┌─ PROVIDED MATERIAL
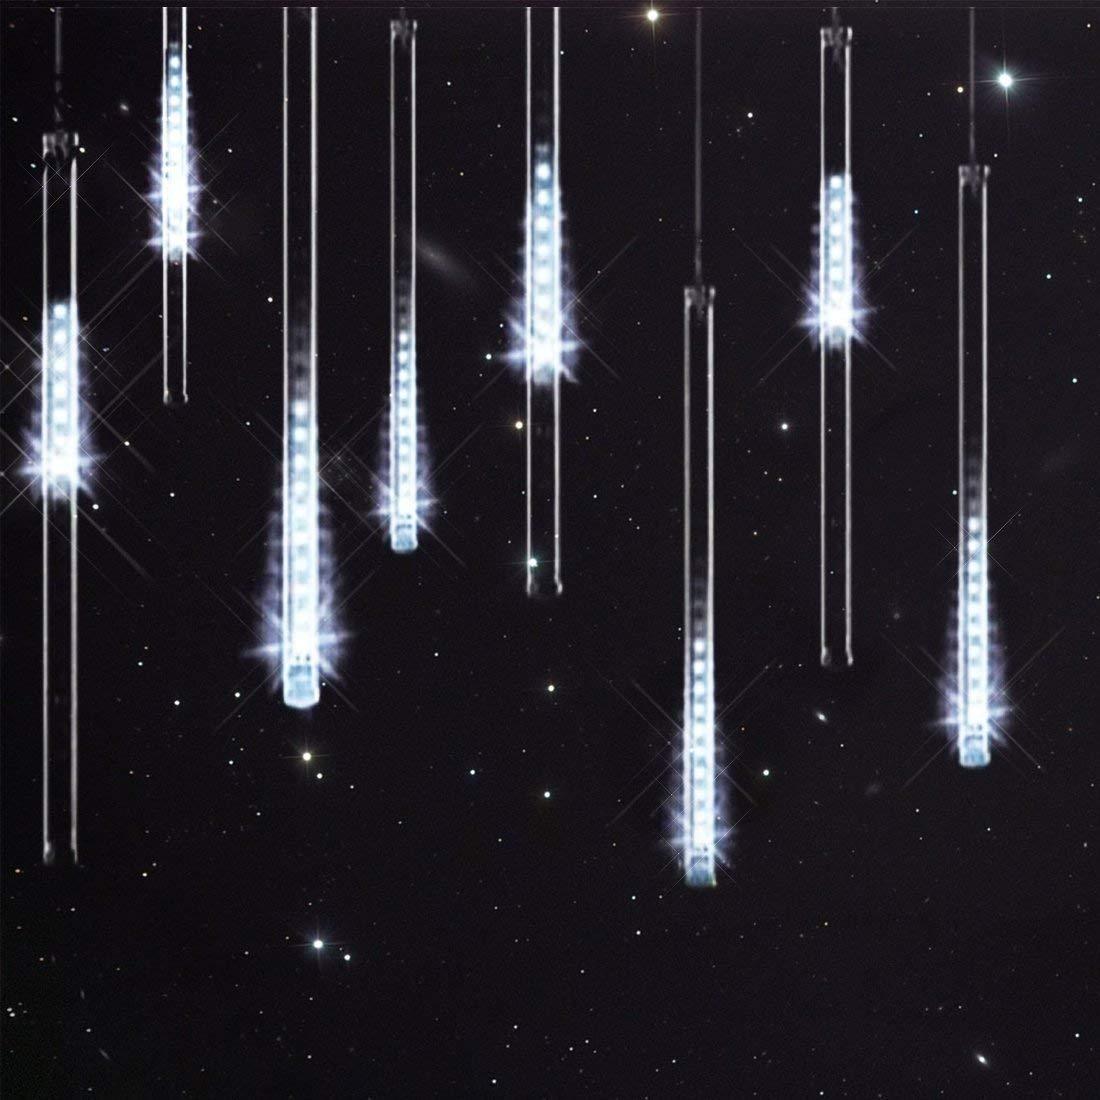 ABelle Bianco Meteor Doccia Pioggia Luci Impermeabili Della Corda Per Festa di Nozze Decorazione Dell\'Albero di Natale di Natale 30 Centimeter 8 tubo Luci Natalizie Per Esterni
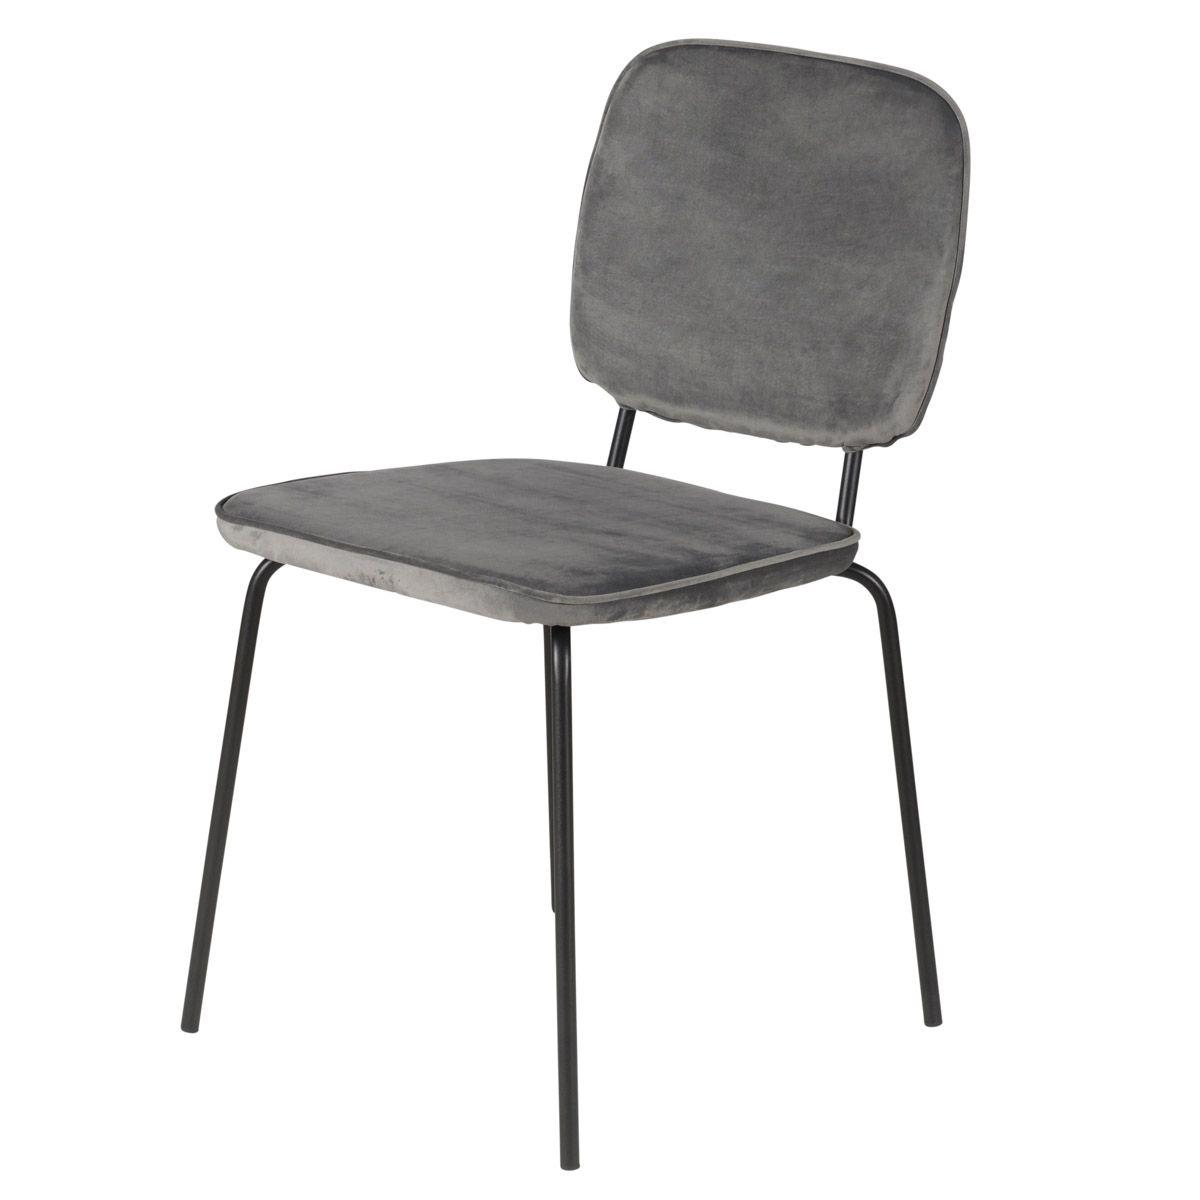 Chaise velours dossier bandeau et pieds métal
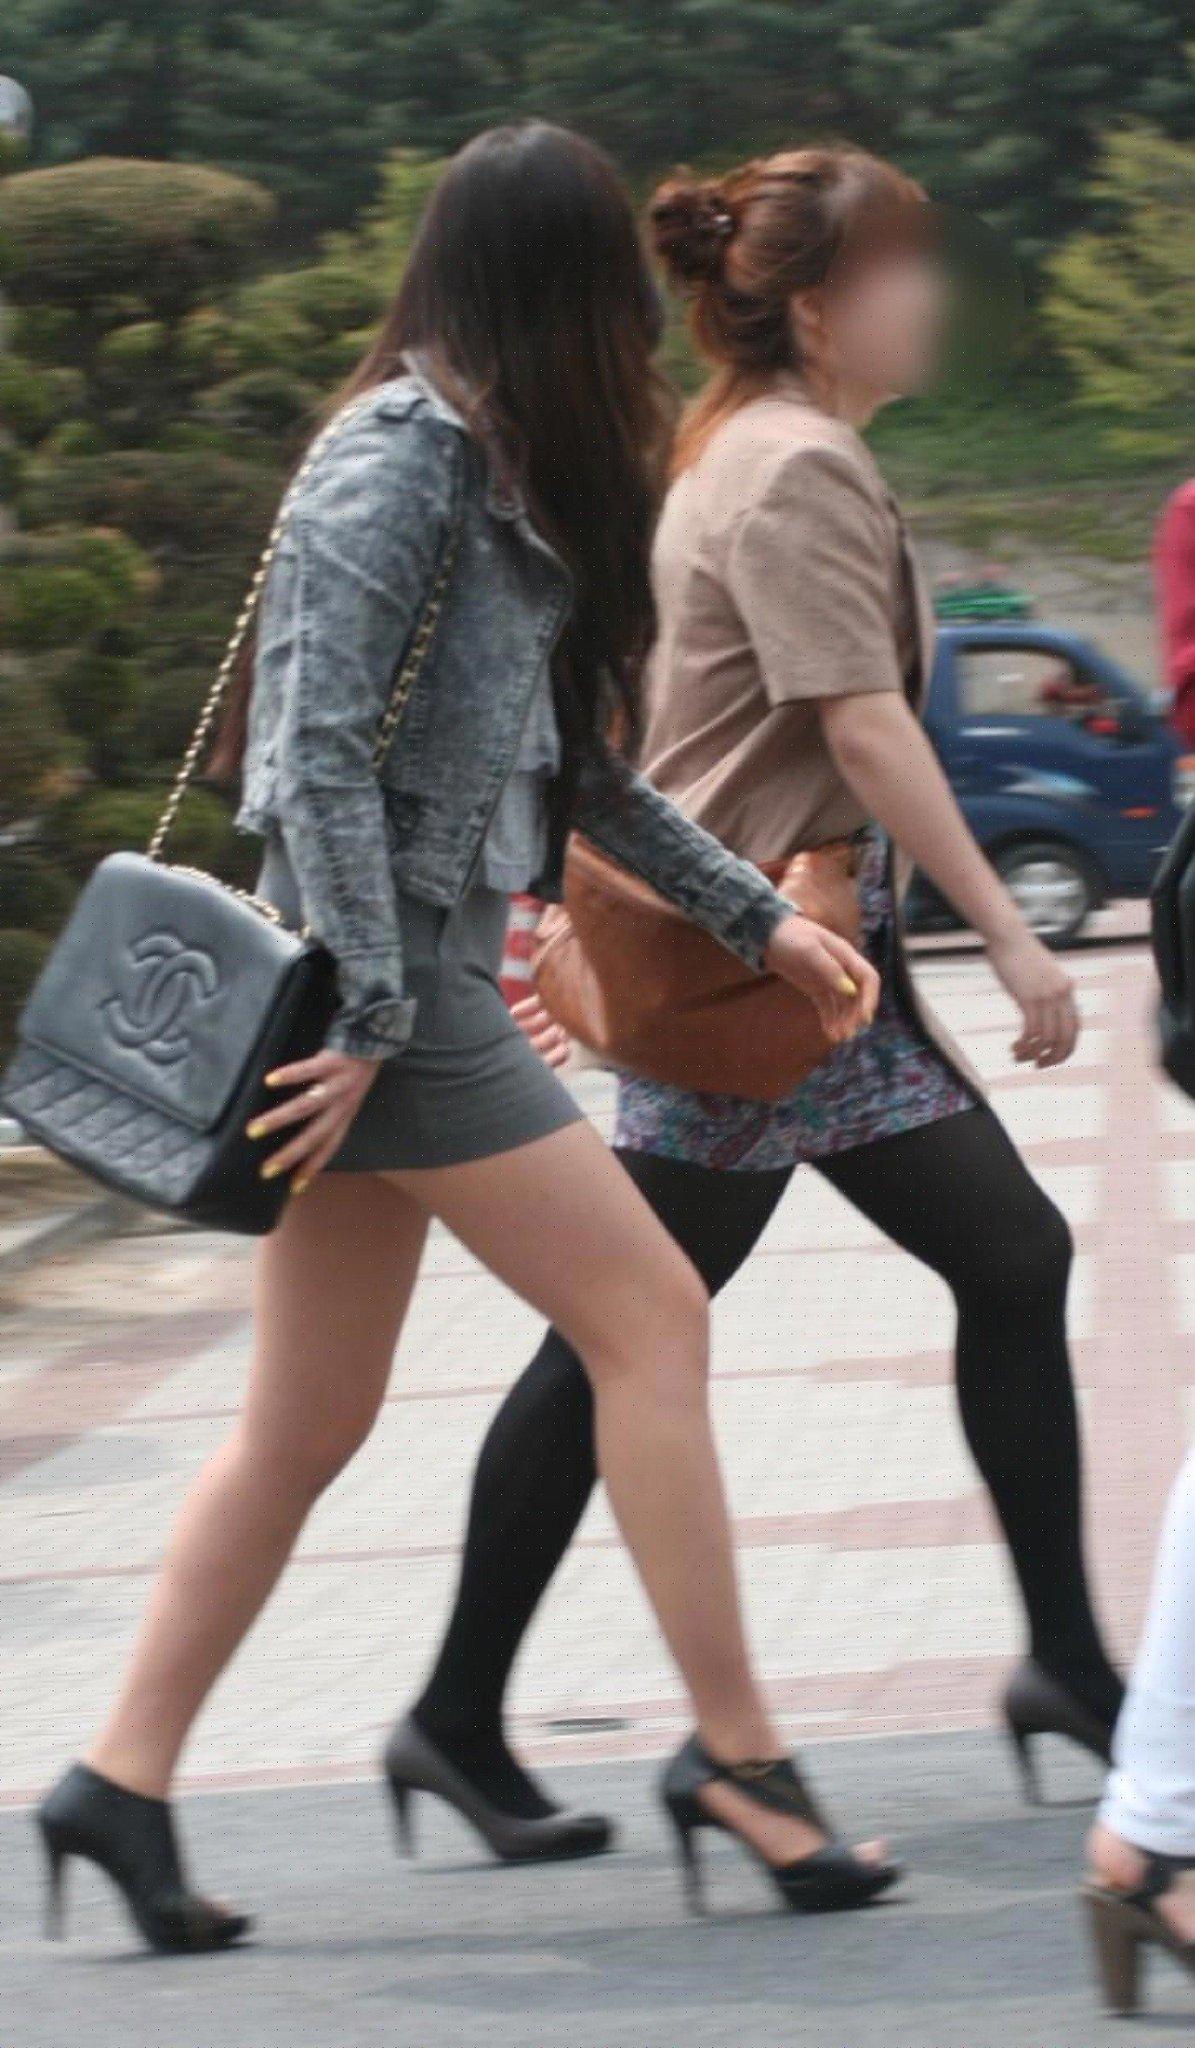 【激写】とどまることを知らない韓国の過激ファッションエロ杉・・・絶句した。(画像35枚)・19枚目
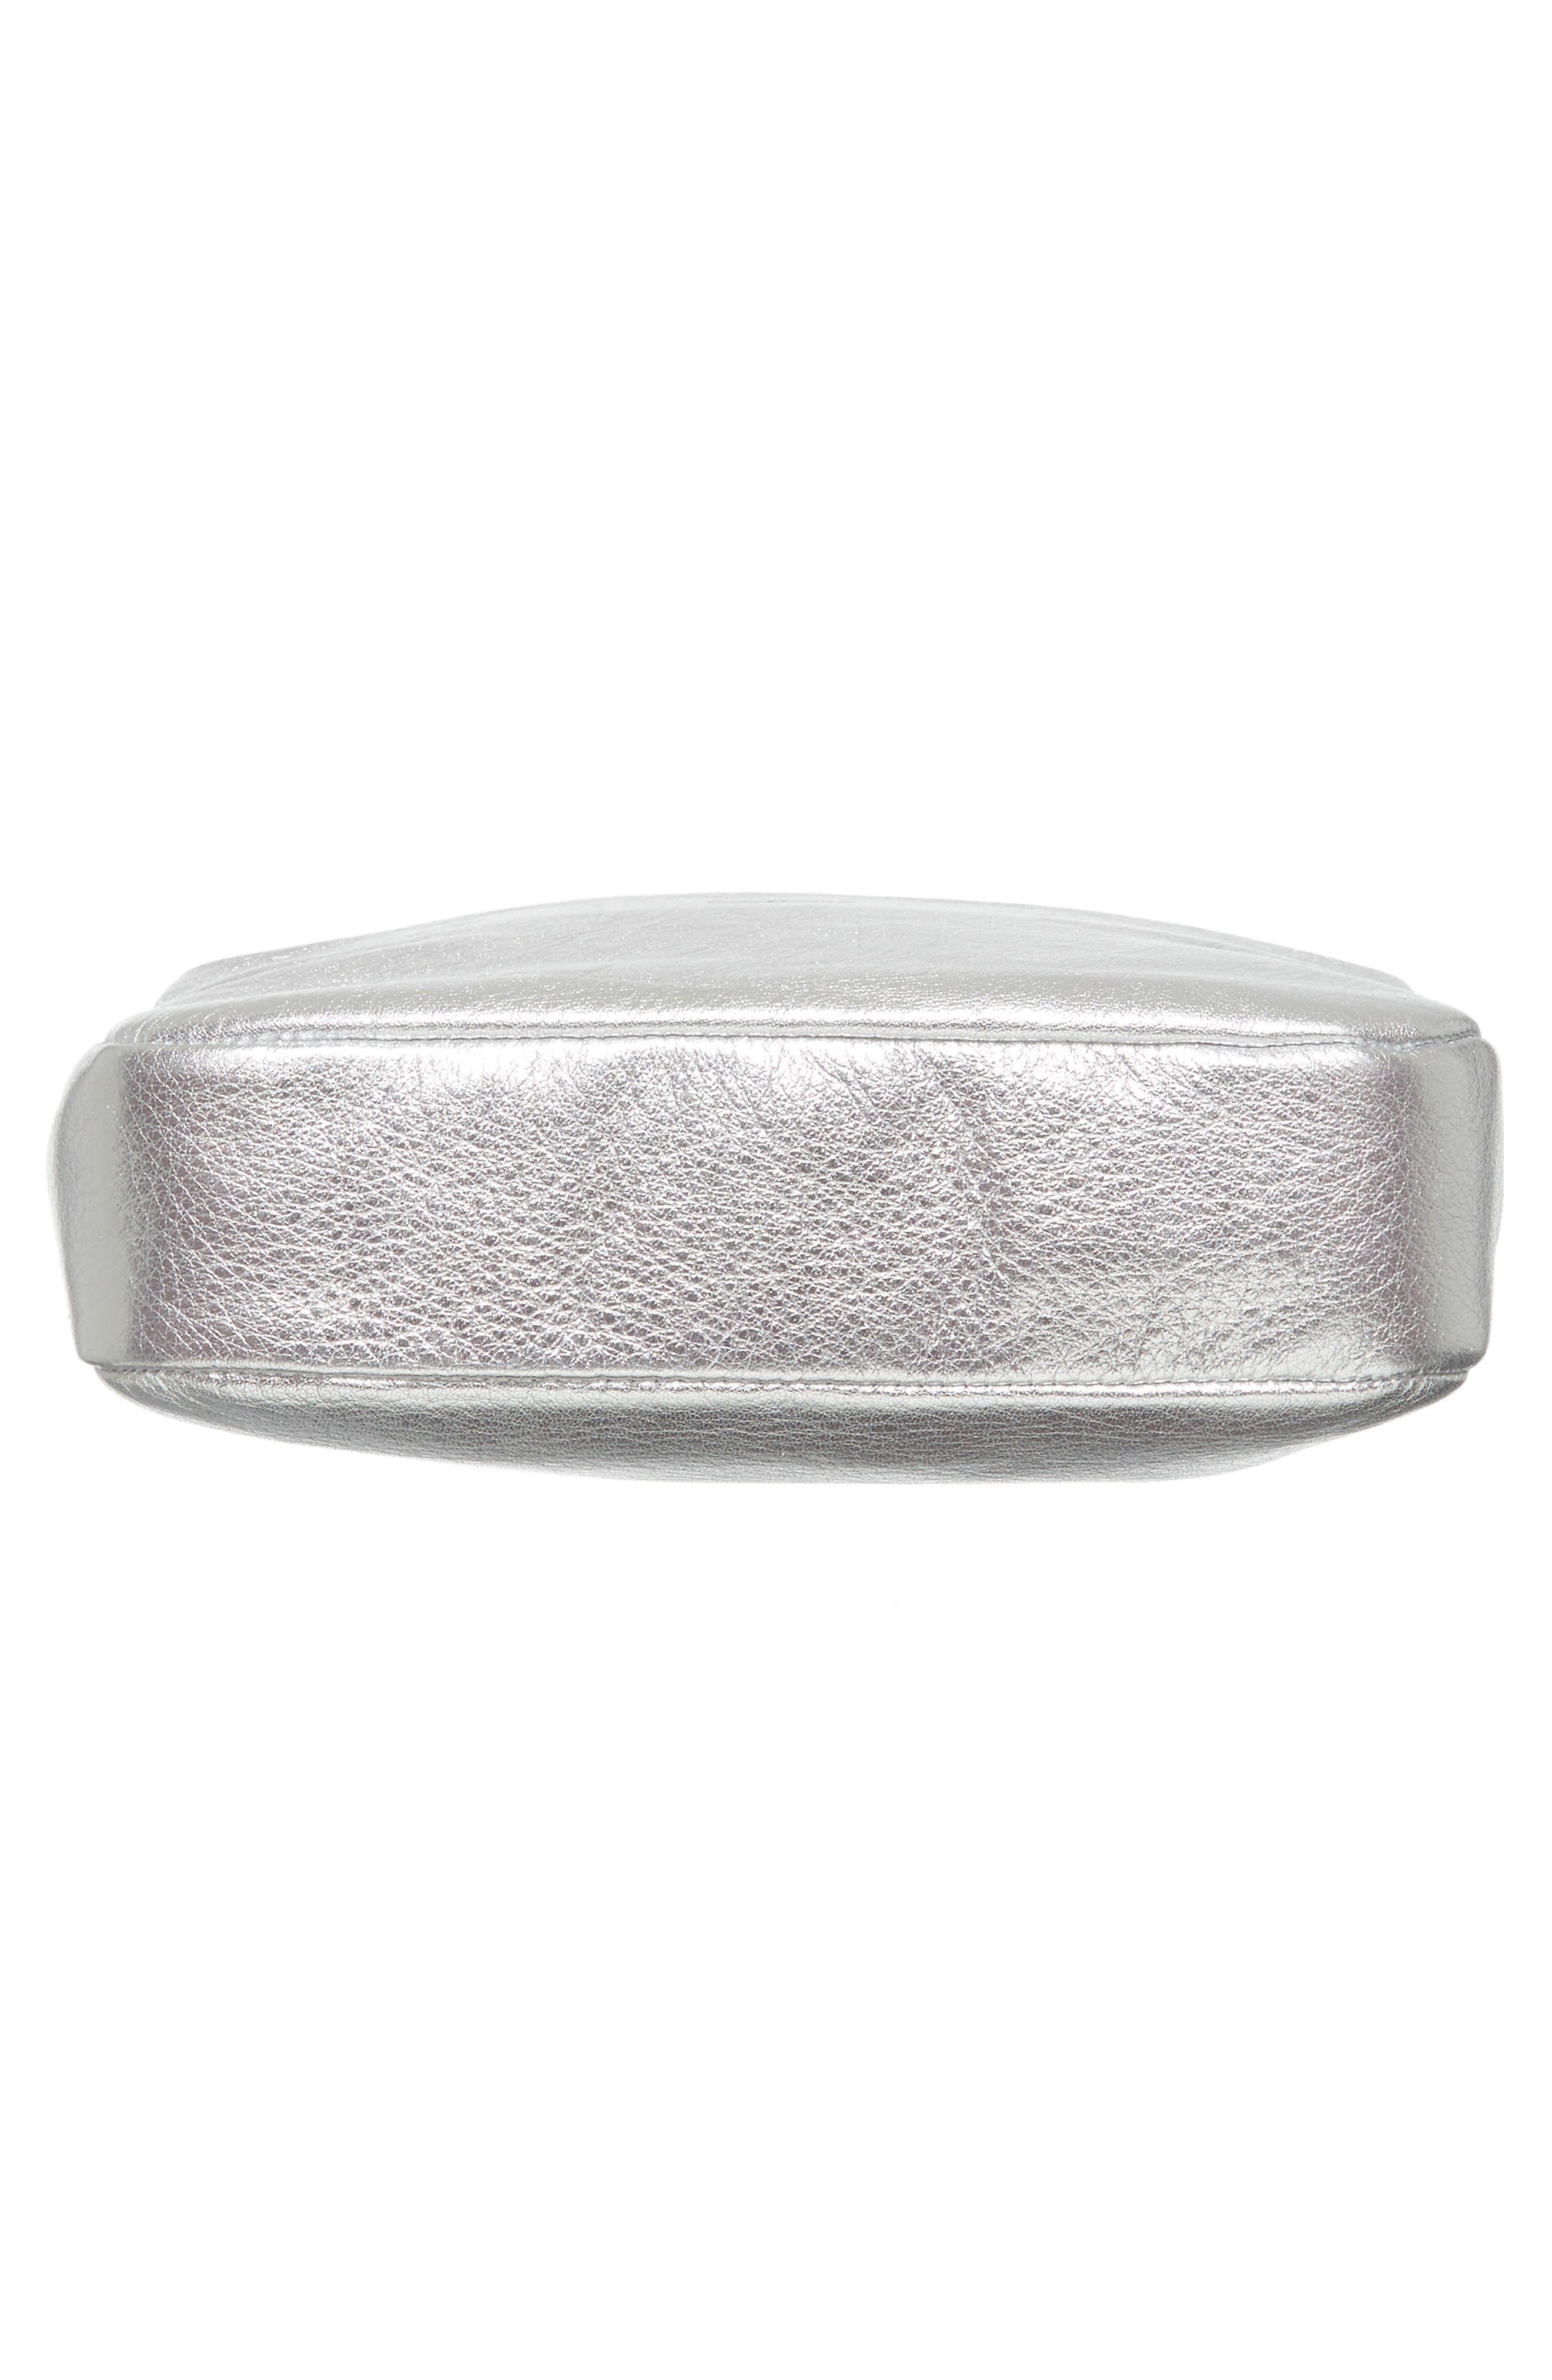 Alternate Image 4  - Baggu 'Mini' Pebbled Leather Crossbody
└─
Drop the pictures, then repeat the material word for word.

§ **WRITTEN ANSWER**:
 ABelle Bianco Meteor Doccia Pioggia Luci Impermeabili Della Corda Per Festa di Nozze Decorazione Dell\'Albero di Natale di Natale 30 Centimeter 8 tubo Luci Natalizie Per Esterni
 Chaise velours dossier bandeau et pieds métal
 【激写】とどまることを知らない韓国の過激ファッションエロ杉・・・絶句した。(画像35枚)・19枚目
 Alternate Image 4  - Baggu 'Mini' Pebbled Leather Crossbody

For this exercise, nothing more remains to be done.